Kein Fleisch, manchmal Fisch und bitte keine Erbsen – wie man bei den kulinarischen Vorlieben in einer Familie schon mal den Überblick verlieren kann.
Stuttgart - Ich koche gern. Ehrlich. Die ausgebreiteten Zutaten, der Soundwürfel mit fluffiger Musik auf der Arbeitsplatte, die vertrauten Handlungsabläufe oder sogar ein Vorstoß ins kulinarisches Neuland, nicht zuletzt der erste degustative Schluck Rotwein – all das entspannt mich. Aber, um das auch klarzustellen: ich koche nicht über die Maßen ambitioniert, benutzte sogar Mondamin-Soßenbinder und kaufe ab und an Convenience-Produkte. So ein Iglo-Rahmspinat (Blubb) kann manchmal die angespannte Stimmung am Esstisch ins Versöhnliche hinübergleiten lassen.
Sauce und Spinat: Damit hätten wir schon die ersten beiden Kochfelder auf dem Herd geblockt. Und wären auch beim eigentlichen Thema: Der kulinarischen Diversität in der Familie. Ich selbst habe dem Verzehr von Fleisch schon lange abgeschworen, ohne deshalb zum ideologischen Ernährungs-Faschisten zu werden. Ich esse sogar manchmal Fisch, meine Frau auch. Und wir schrecken andererseits nicht vor vegetarischen Ersatzprodukten zurück, um ein wenig Biss in das Menü zu bringen. Davon abgesehen: für einen guten Gruyere- oder Pecorinokäse fahre ich mit dem Lastenrad auch ein paar Kilometer extra.
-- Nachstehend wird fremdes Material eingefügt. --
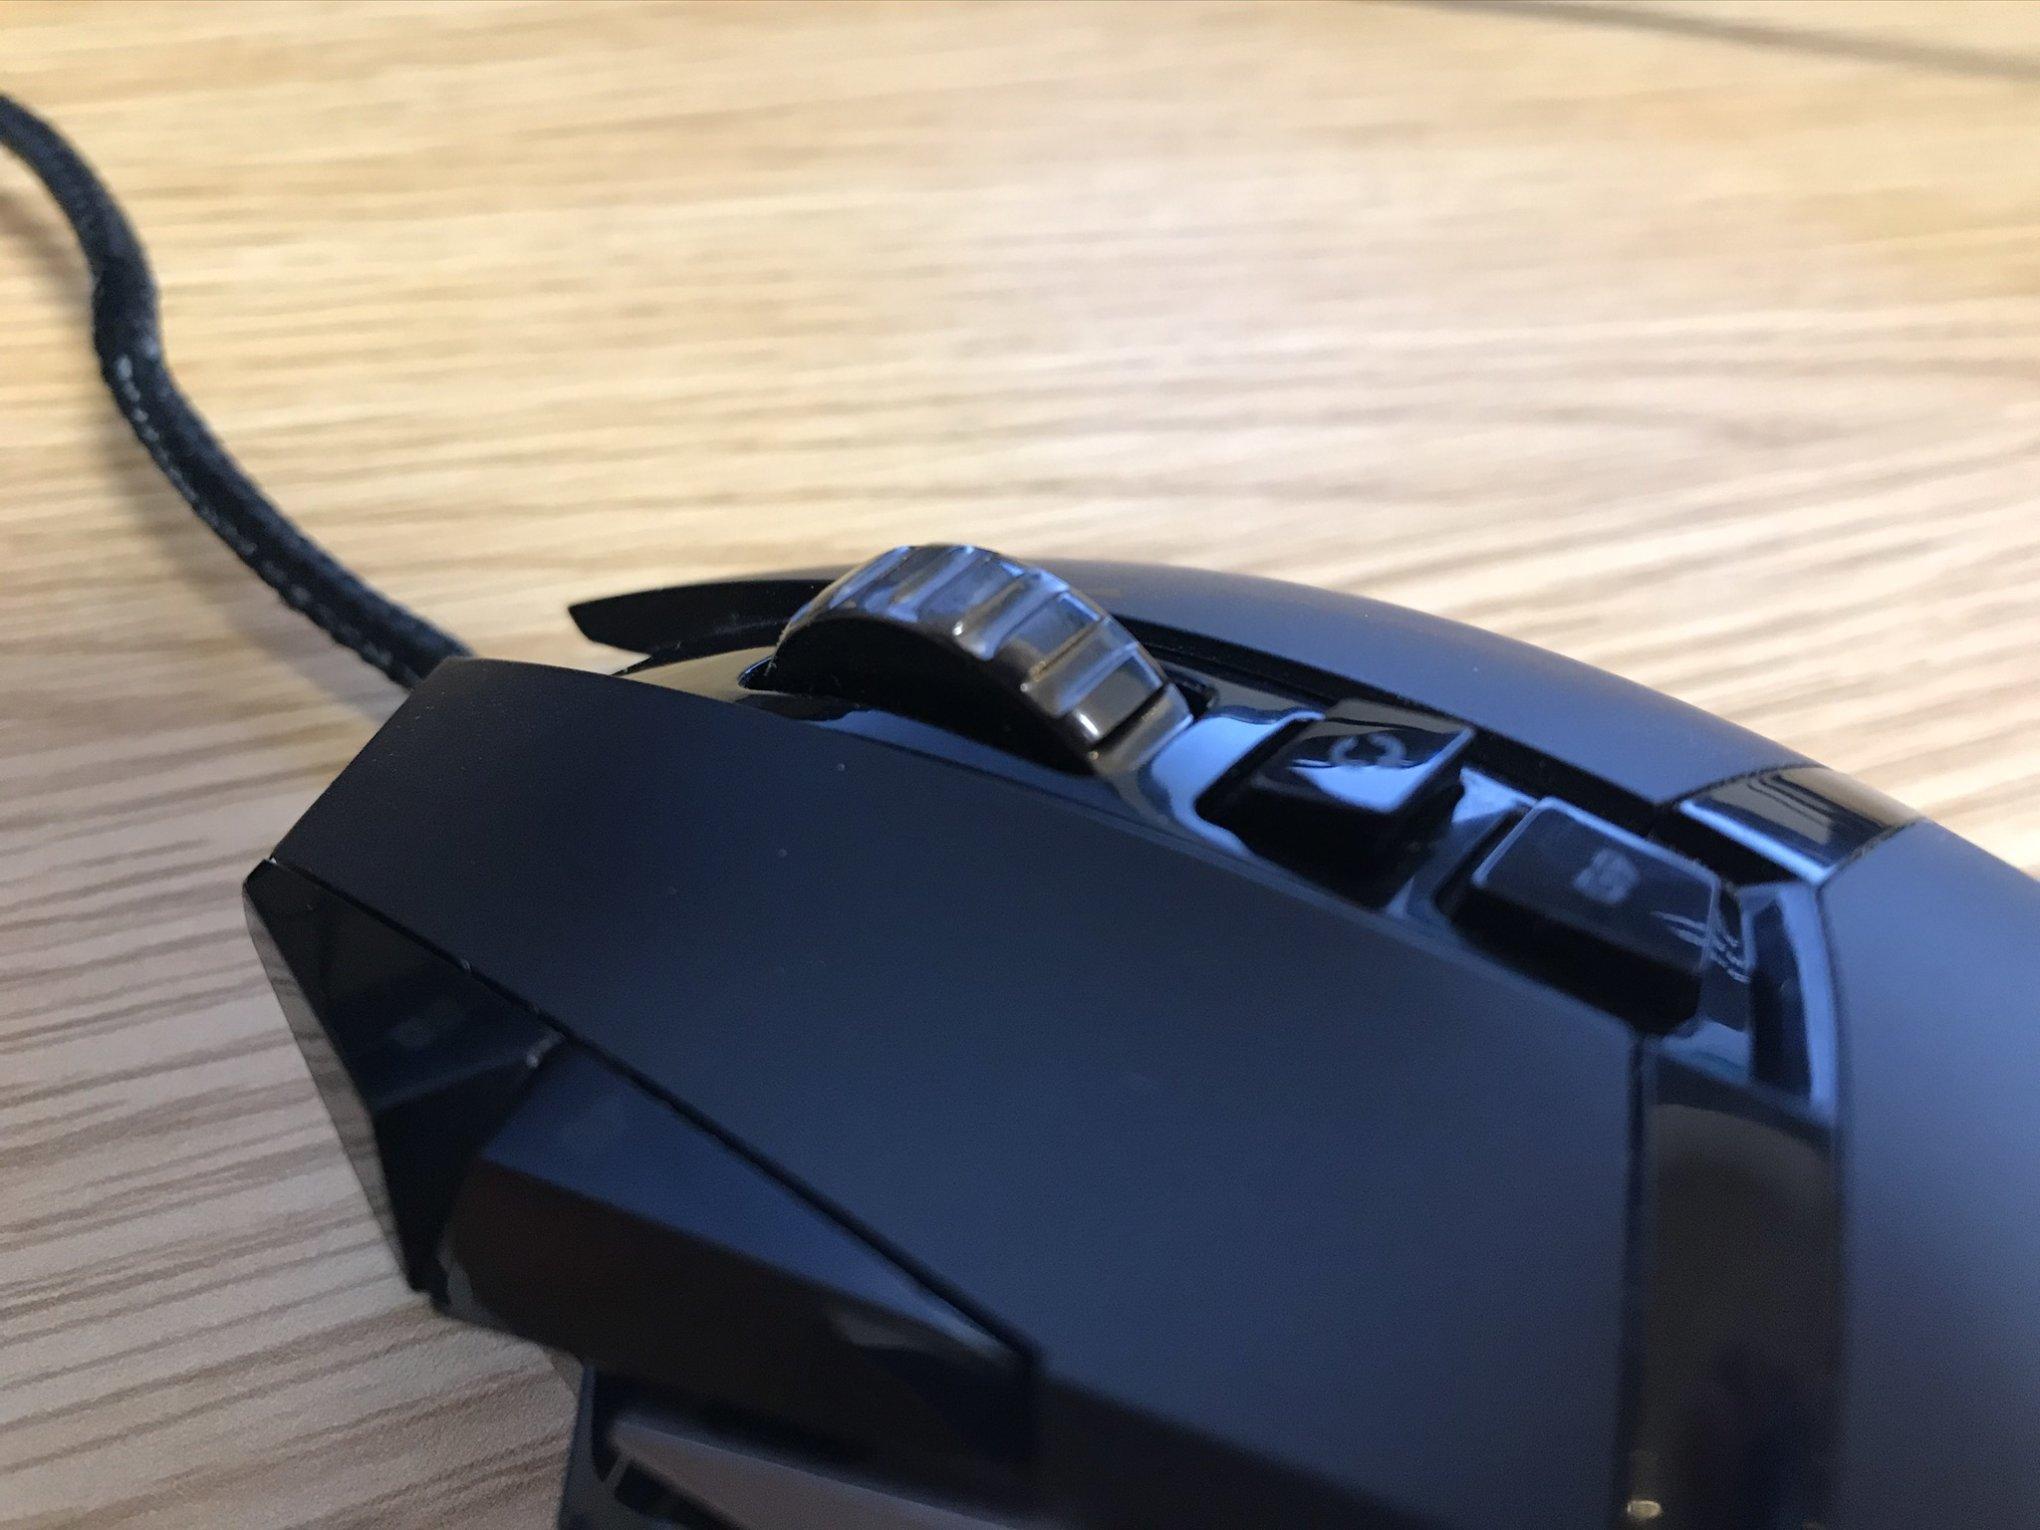 ロジクールG502のマウスホイール

Okay – das mit dem Lastenrad war jetzt ein Witz.
Wiener Schnitzel, Schupfnudeln, Burger
Mein Sohn dagegen präferiert die klassische Küche des Schwabenlands und mittleren Alpenraums, konkret also Wiener Schnitzel und vorgeformte Schupfnudeln aus der Packung. Er ist aber auch Einflüssen aus der Neuen Welt jederzeit zugänglich, also beispielsweise einem Burger, und weiß die Errungenschaften der Technik zu schätzen, die aus einem weißen Toast einen braunen Toast macht, der nicht zwingend knuspriger sein muss. Und schließlich ist ihm bewusst, dass das Einfrieren von Gemüse keine Preisgabe von Vitaminen bedeutet – allerdings nur bei Tiefkühlerbsen. Damit hätten wir jetzt bereits zwei weitere Kochfelder belegt.
Nun noch ein Wort zu meiner Tochter, die bei meiner Hinwendung zur fleischfreien Ernährung eine nicht zu unterschätzende Rolle gespielt hat. Im Gegensatz zu ihrem Bruder hasst sie Erbsen und hat sich davon abgesehen von einer freundlichen Vegetarierin zu einer ebenso toleranten wie entschlossenen Veganerin entwickelt. Das heißt, für Saucen keine Sahne, für das Anschwitzen von Pilzen keine Butter, veganes Pesto für die Pasta und viel Indisches. Für ein gutes Curry bin ich immer zu haben – aber wir wären jetzt bei sechs bis sieben Kochfeldern.
Sechsfach-Induktions-Kochfeld für den Familienfrieden
An dieser Stelle muss ich erwähnen, dass wir vor zwei Jahren unsere eher kleine Küche renoviert haben und einer Eingebung folgend ein Sechsfach-Induktions-Kochfeld einbauen ließen. Dieser Miele-Altar ist nun der Mittelpunkt des familiären Zusammenseins. In Spitzenzeiten stehe darauf auch sechs Töpfe und Pfannen - auf einigen der Töpfe zum Warmhalten weitere Töpfe. Ich warte in solchen Momenten nur noch auf die Zurufe der Kinder: „Beeilung Mann, Tisch 15!“ – „Zweiter Gang, Fleisch und Fisch können weiter!“ – „Die Toasts für Tisch 3 zacki zacki!“ – „Ofen für das Soufflé vorheizen!“
Der Nachteil eines Induktionsherds ist übrigens der Umstand, dass er sich nicht mit Herzschrittmachern verträgt. Wenn das mit dem Kochen bei uns so weitergeht, könnte das zum Problem werden.
Martin Gerstner begleitet die Schulkarrieren seiner beiden Kinder mit Interesse und Ehrfurcht. Ansonsten ist er seinen Kindern oft peinlich und erfüllt damit die vorgesehene Rolle als Vater.